Zachary Salonek heard some rustling outside his home in south-central Minnesota around midnight recently and was startled to find a black bear rummaging through his dumpster.
Brown County, where Salonek and his fiancée, Cecily Eichhorn, live, is far from the 40 percent of the state that makes up Minnesota bear country. Or so they thought.
The bear they photographed rolling contentedly around their yard in early June was one of seven sightings in the county since May that have been plotted on a new online map that lets Minnesotans report bear sightings outside of the bears' traditional range across the forests of north and northeastern Minnesota.

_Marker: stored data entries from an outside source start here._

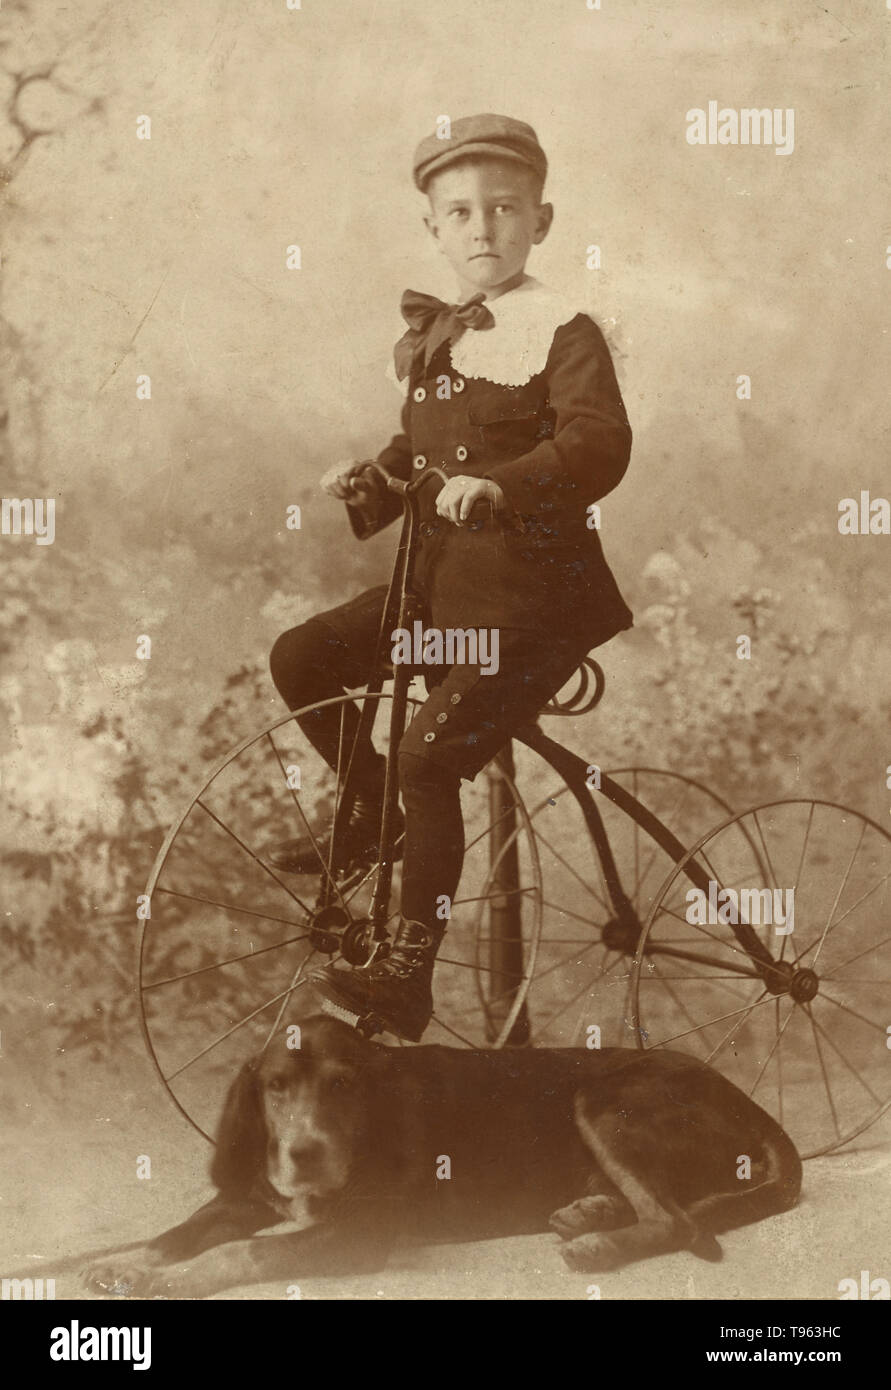 Junge trägt eine Kappe, montiert auf einem alten Stil dreirädrigen Fahrrad, mit einem Hund im Vordergrund, 1890. Von Henry Davis, Amerikanische genommen. Stockfoto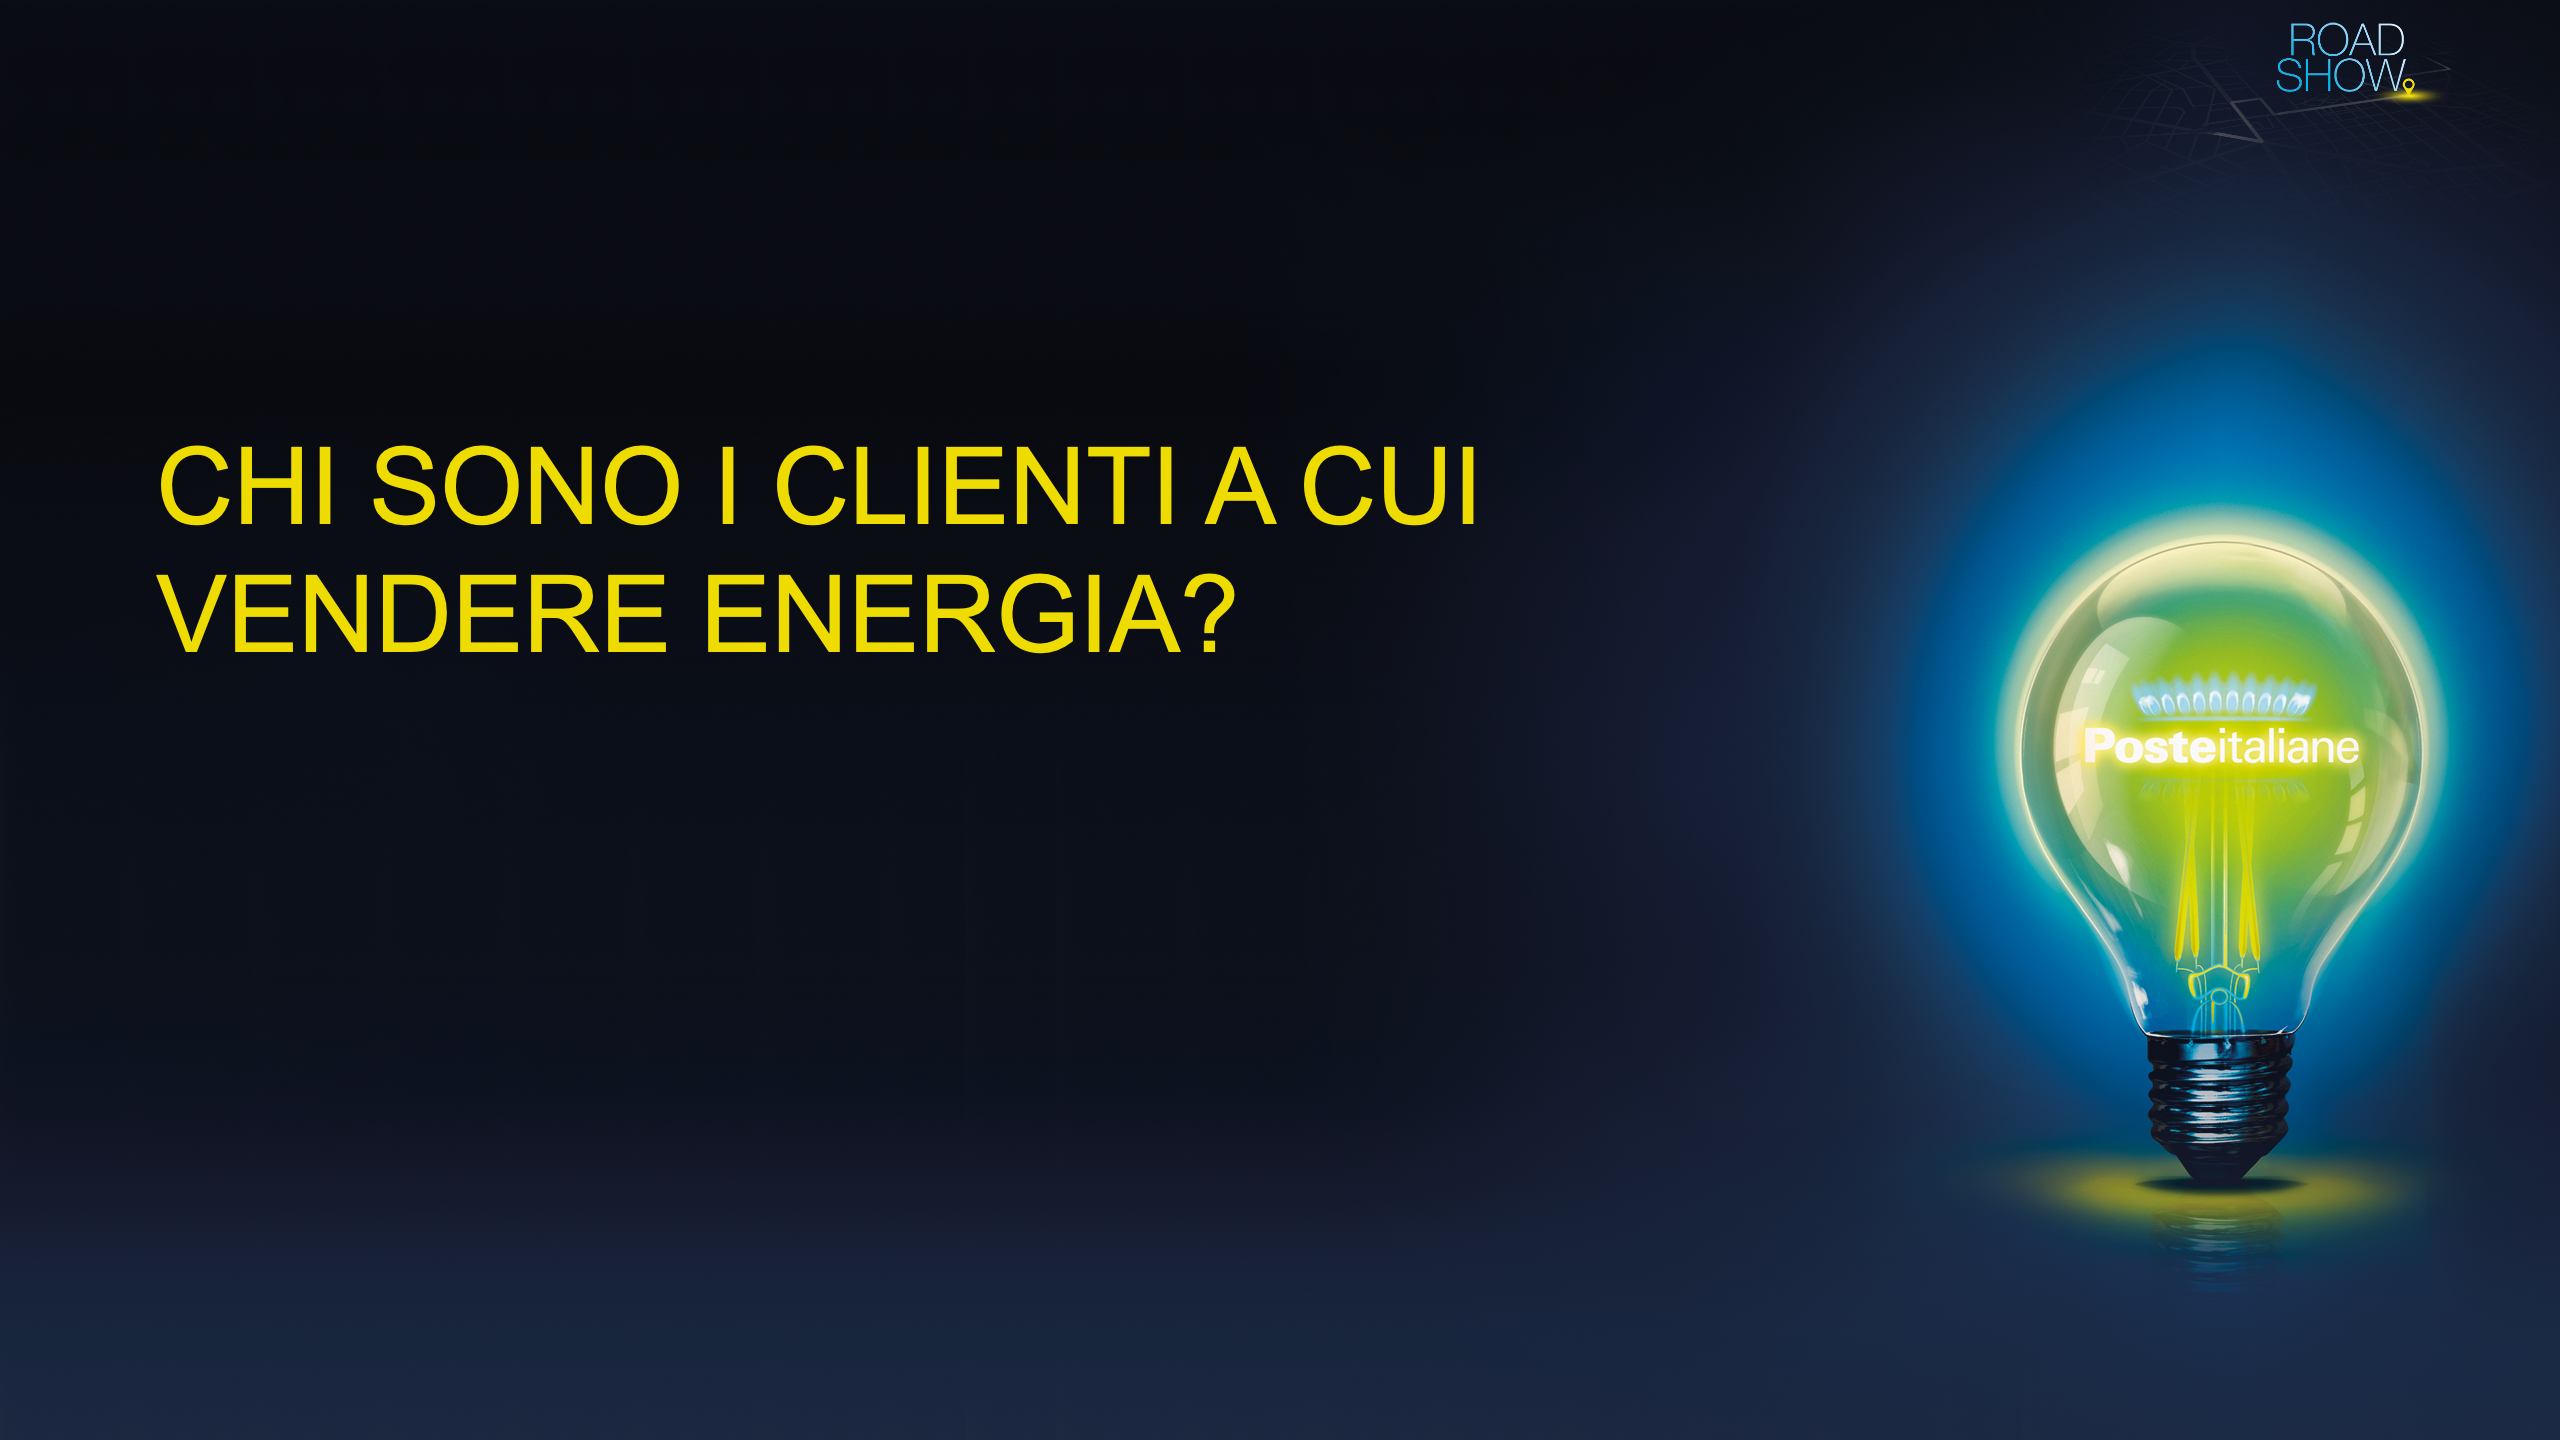 Poste Italiane roadshow presentazione prodotto Energia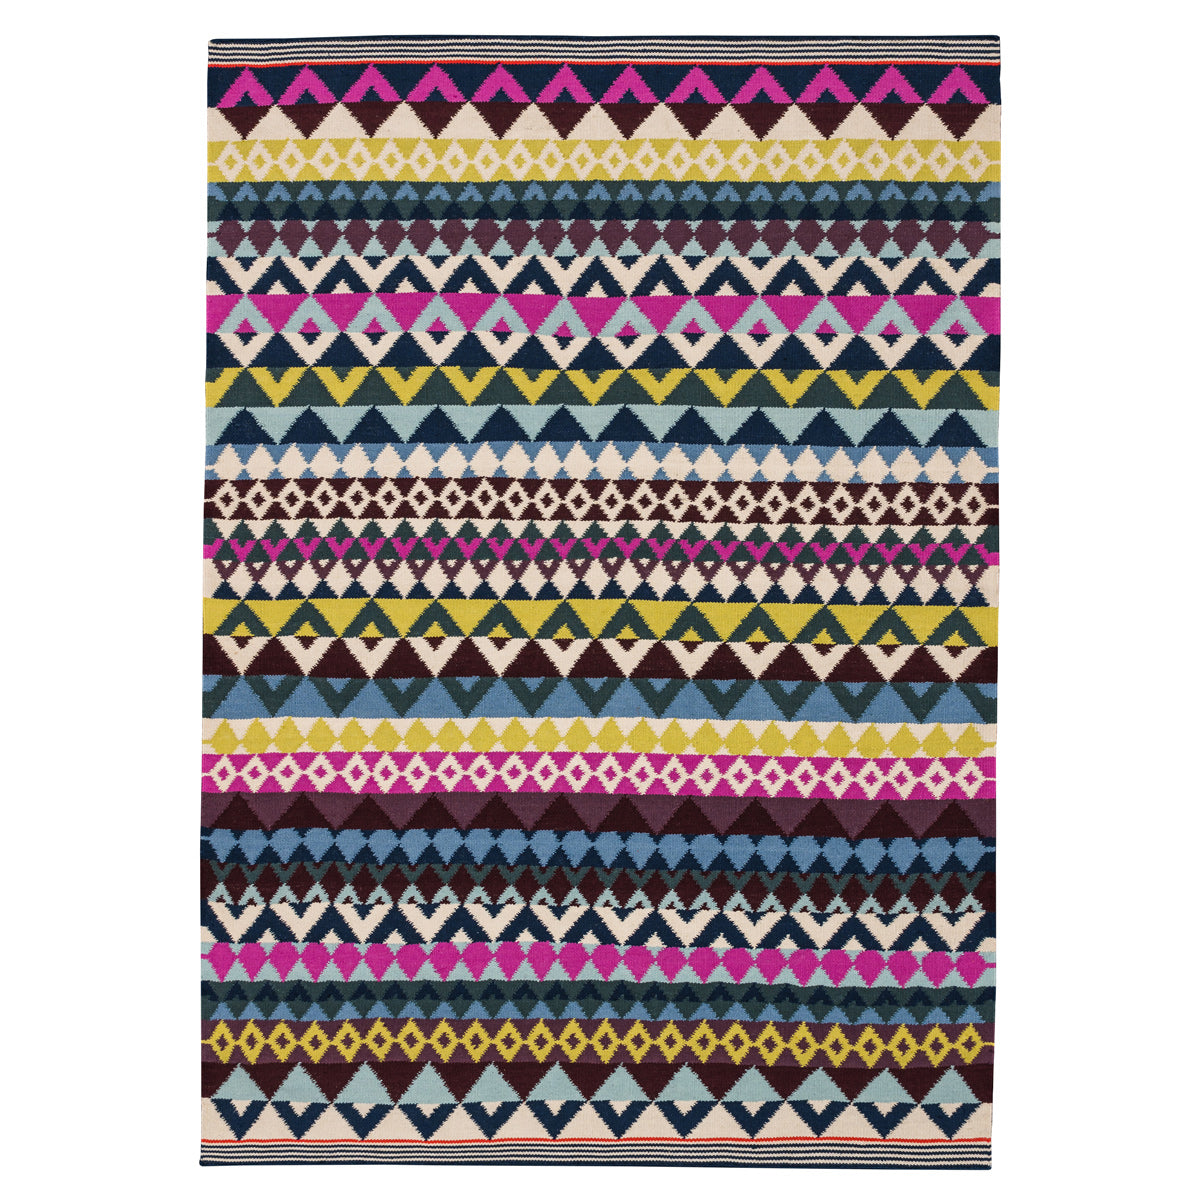 Geometric pattern, colourful rugs, designer rugs, luxury rugs, wool rugs, geometric rug, modern rug, yellow rug, pink rug, blue rug, purple rug

Salonek's family lives a couple miles out of Springfield. He said the day after he saw the bear on his property he learned that his neighbor's bird feeder had been tipped over. And another bear — possibly the same one — was spotted about 15 miles to the west, around Lamberton.
Many more sightings have been pinned to the map around the Twin Cities since the tool went live in May, including more than 40 in Anoka County.
"We didn't expect to see this many sightings in the Twin Cities area or south of there," said Dave Garshelis, a research biologist with the Minnesota Department of Natural Resources. He cautioned against reading too much into the data, however.
"This is the first chance for people to actually report stuff in a formal way, and so obviously we're seeing what appears to be a lot of sightings compared to — nothing. We don't have a baseline," Garshelis said. "It's not really clear that this is represents any kind of an increase. When you look at the map you think, 'Oh, wow, it seems like a lot of bear sightings. It must be that there's bears moving in.' But we don't really know that."
He said if the map had been available a decade ago it might have revealed the same distribution. It's also possible that multiple people are plotting sightings of the same bear.